Towering Above the Rest
The plans of a former radio host in Tomsk to live in a water tower 01/21/2014, 15:37
Near Yuzhnaya Square in Tomsk stands a water tower. It is no different from thousands of similar ones, scattered around the outskirts of most Russian cities. They are often found near train stations, as they supplied water for steam locomotives. Today these century-old structures, like steam engines, are a thing of the past. Almost all are destroyed or filled with litter. A few – in St. Petersburg and Vladimir – have been turned into museums. This water tower in Tomsk could be the first to become someone's home. Sib.fm's correspondents visited Aleksandr Lunev, the owner of a future custom castle and found out how to buy a centenarian monument of history and culture, why it has tunnels and where they lead to.
A year after the water tower's transfer into private hands, it seems that it hasn't undergone any superficial changes. What's more, it's still has a sign offering a "New summer café overlooking the River Tom", as it did 20 years ago. Inside, the building looks very similar to a normal old brick garage, until you look up – there's another 20 metres to the ceiling.
1,5 million roubles ($44,600) – the price Aleksandr Lunev paid for the water tower and plot of land
This almost fairy-tale story began prosaically. In the spring of 2012, friends suggested Lunev look at a notice on the Mayor's Office website about renting a non-residential property. This property was no less than an old water tower.
"I found the head of the agency at the Mayor's Office that was responsible for property and started to pester him, saying that no one was going to rent this property and it would be better to sell it," says Aleksandr. "Deputies in the City Duma started saying, 'It's a listed building! You might do something bad to it!' All right, as if nothing bad had already happened: it hasn't been repaired for 30 years. In fact, it's never been repaired, they just changed the windows in the 1980s."
Aleksandr spent 8 months on the bureaucratic merry-go-round.
In the end, Aleksandr became the proud owner of a historical site 23 metres in height.
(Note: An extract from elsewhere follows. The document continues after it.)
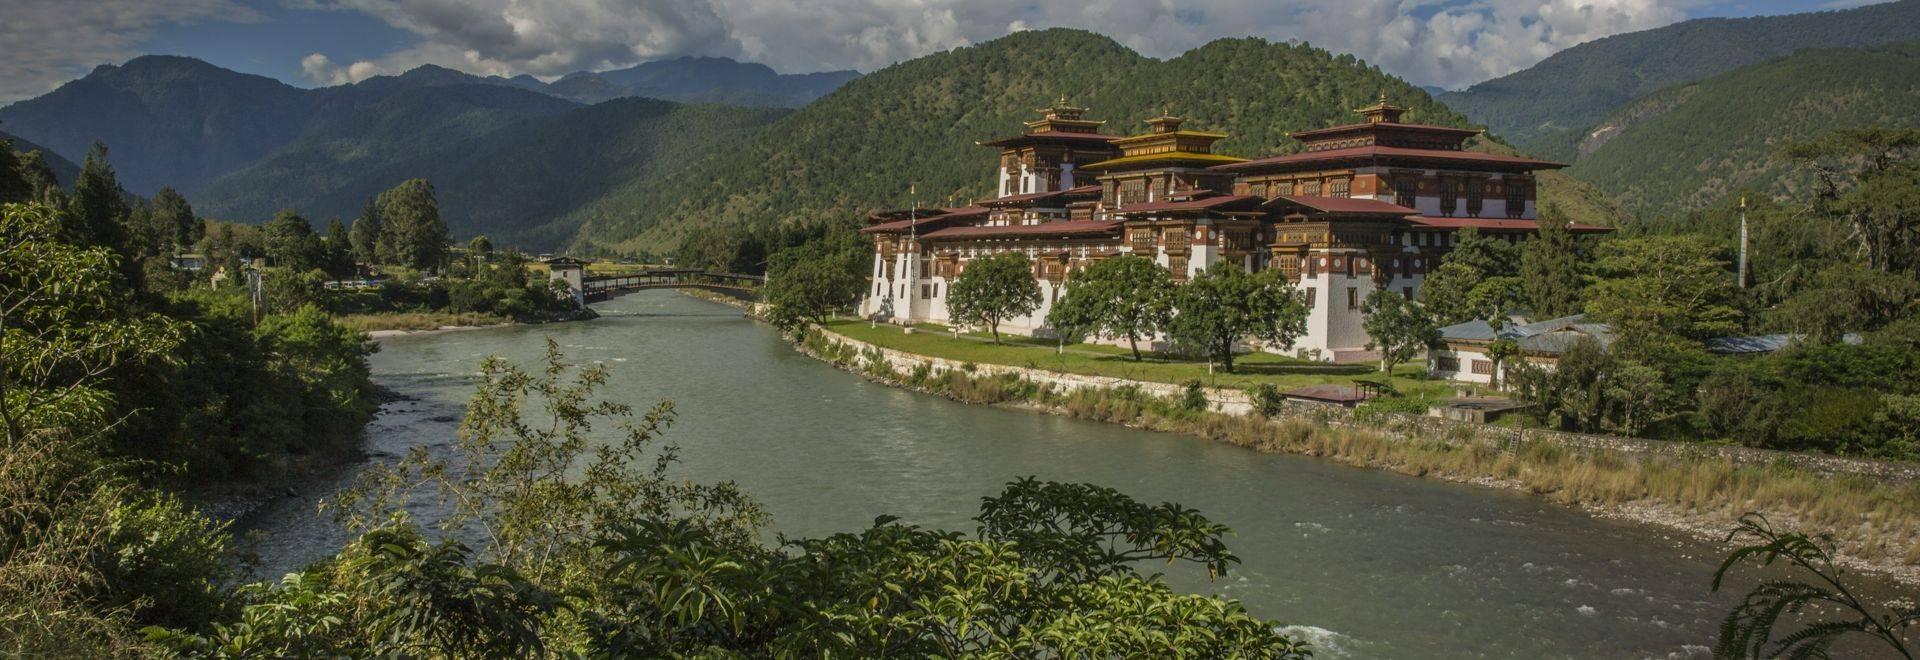 Bhutan Punakha Dzong Oana Dragan 2016 - 0M4A5846 Lg RGB.jpg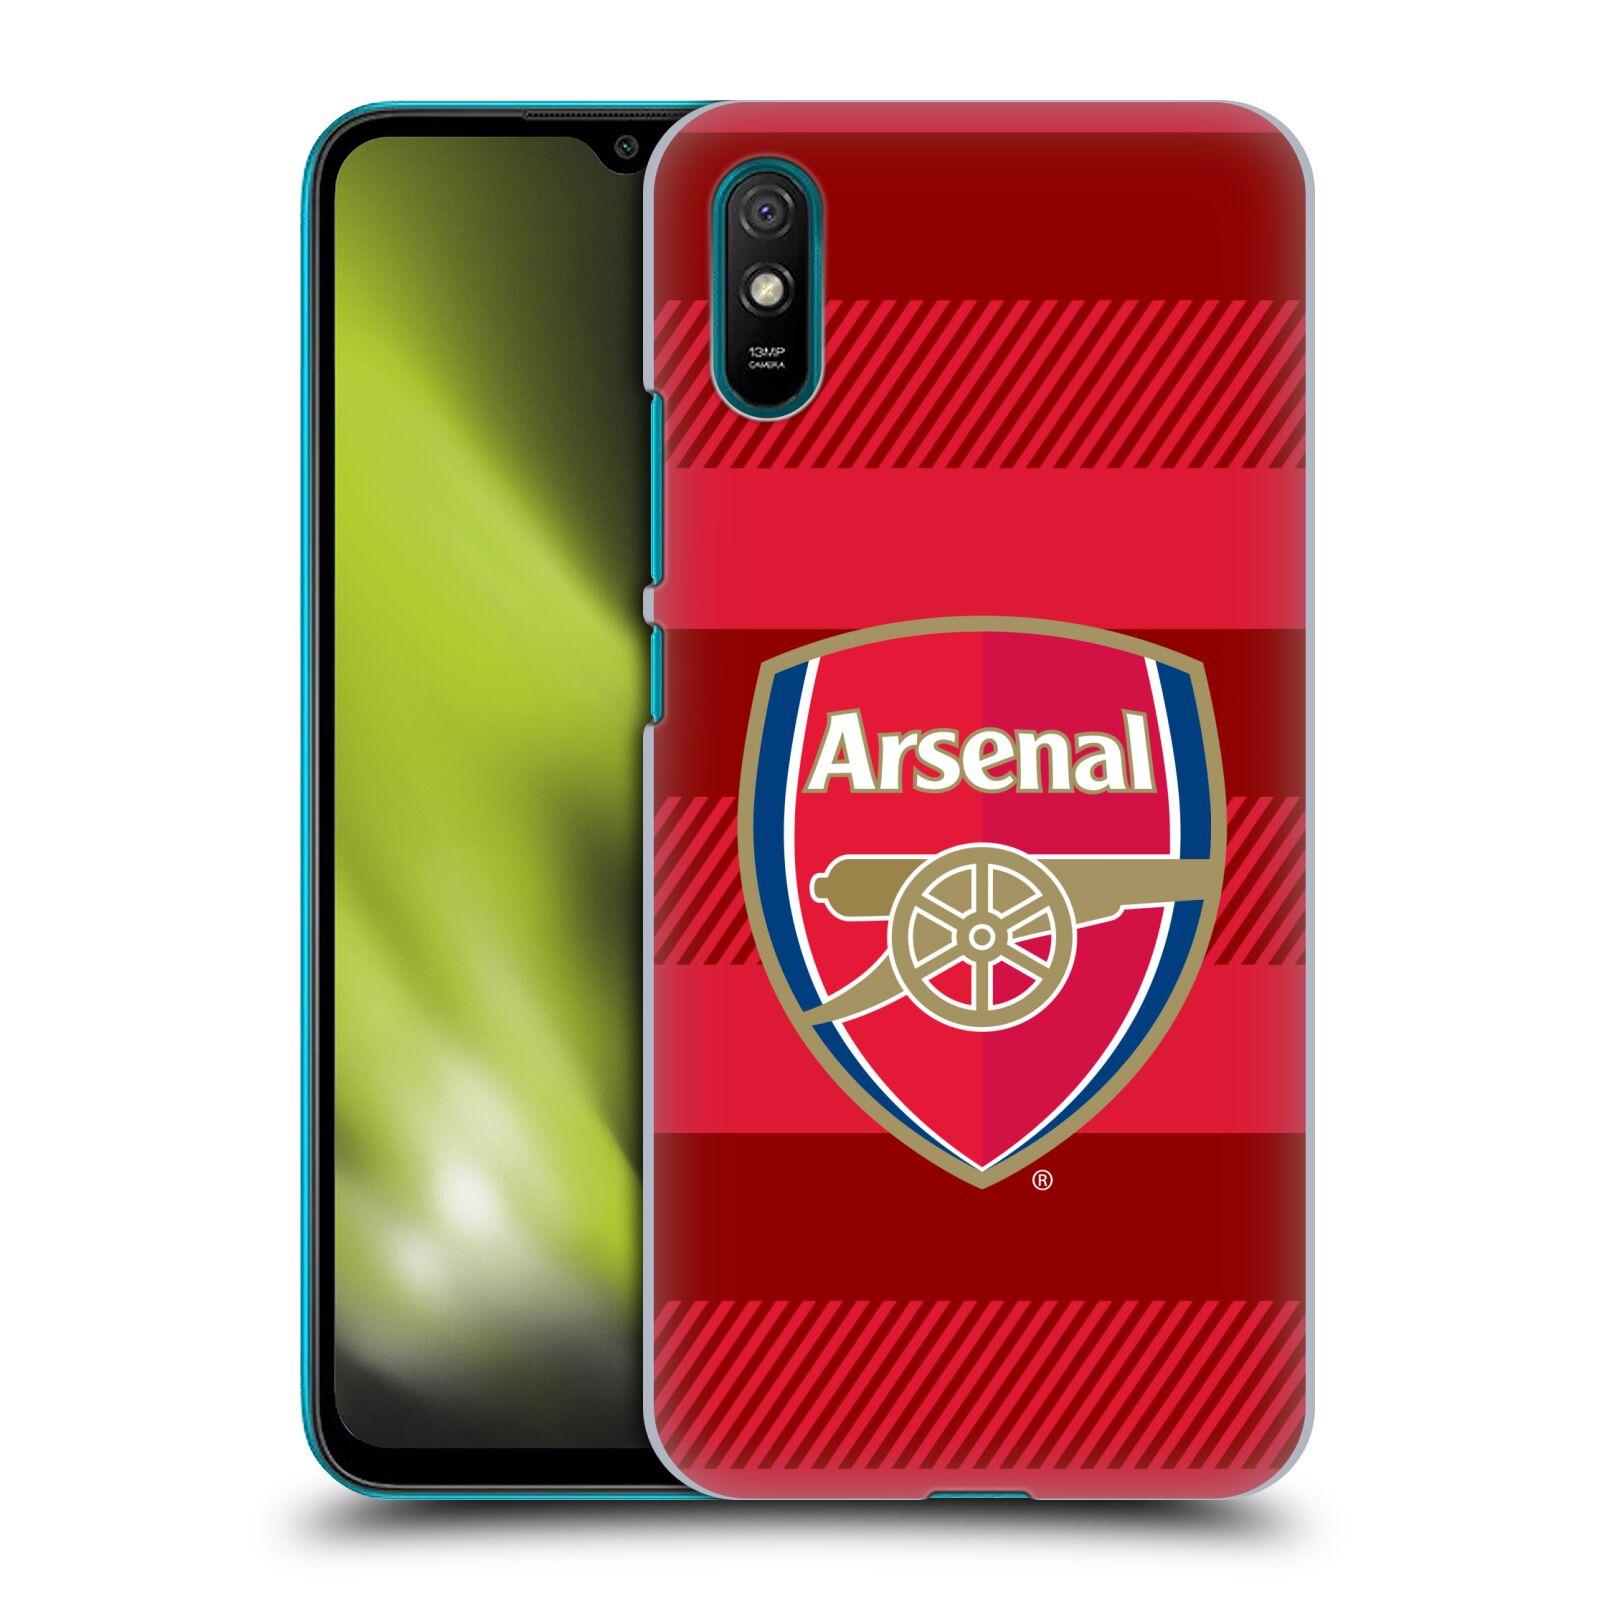 Plastové pouzdro na mobil Xiaomi Redmi 9A / Xiaomi Redmi 9AT - Head Case - Arsenal FC - Logo s pruhy

An old outbuilding, which is more like a barn, came free with the tower, alongside a number of obligations to the state.
After buying the tower, it became clear that Lunev's large-scale plans – to install another row of windows in the brick part of the tower and plant a lawn on the a roof – would remain just that.
The state, which didn't want to have anything to do with the building when it was gradually falling apart for years, only authorised reconstruction on the condition that the historic appearance of the tower would be preserved.
Over the past year, Lunev has single-handedly cleaned the tower from top to bottom (he had to get rid of more than eight tons of rubbish, soil, pigeon droppings and bird skeletons), poured a concrete floor instead of the old wood one, redone the upper floor, dug out the cellar and found two secret tunnels.
The story of the first and tallest water tower on Novosibirsk's left bank
"The cellar was a real discovery!" says the owner of the tower. "There's a narrow tunnel with a pipe. It turned out that it leads to the nearby train station. I accidentally discovered that the tower is still supplied with water by a pipe that is 118 years old. There was no water in the area at all – we thought we'd have to lay some new pipeline. So when we unearthed the two pipes in the cellar, I suggested cutting them down. After all, there'd been no water there for 20 years, at least. We cut it and water gushed out like a fountain! Well, I think, it's probably just some residual pressure in the old systems, we'll have to wait a bit... Two hours later, we were standing in a swimming pool.
Now the tower has water. Alexander says that having a 118-year old water pipe is no less honourable than owning the tower itself.
1 metre is the thickness of the brick walls in Lunev's tower
The light ladder creaks treacherously and seems that it will move away from the wall any minute. We crawl upwards, covered in brick dust.
By the way, there's no need to hope that the fully renovated tower will have a safe staircase with strong railings. That would be too easy for Lunev.
"In the end, I want to have each step sticking out of the wall separately. They won't be linked together with banisters or stair posts. I'll be sitting upstairs, doing an evil laugh and throwing lightning bolts," Lunev quips. "Be careful on the planks that make up the floor and don't jump, because one beam is hanging in the air."
After renovating the tower, Aleksandr plans to create a recreation area around the historical landmark and open the tower to visitors once a week.
"I'm going to peck the district and city administration like a woodpecker to get normal asphalt, a pedestrian area and trees here. If there's a beautiful tower, little pieces of civilisation will start to gradually spread out around it. That's how we'll gradually conquer the entire city and country."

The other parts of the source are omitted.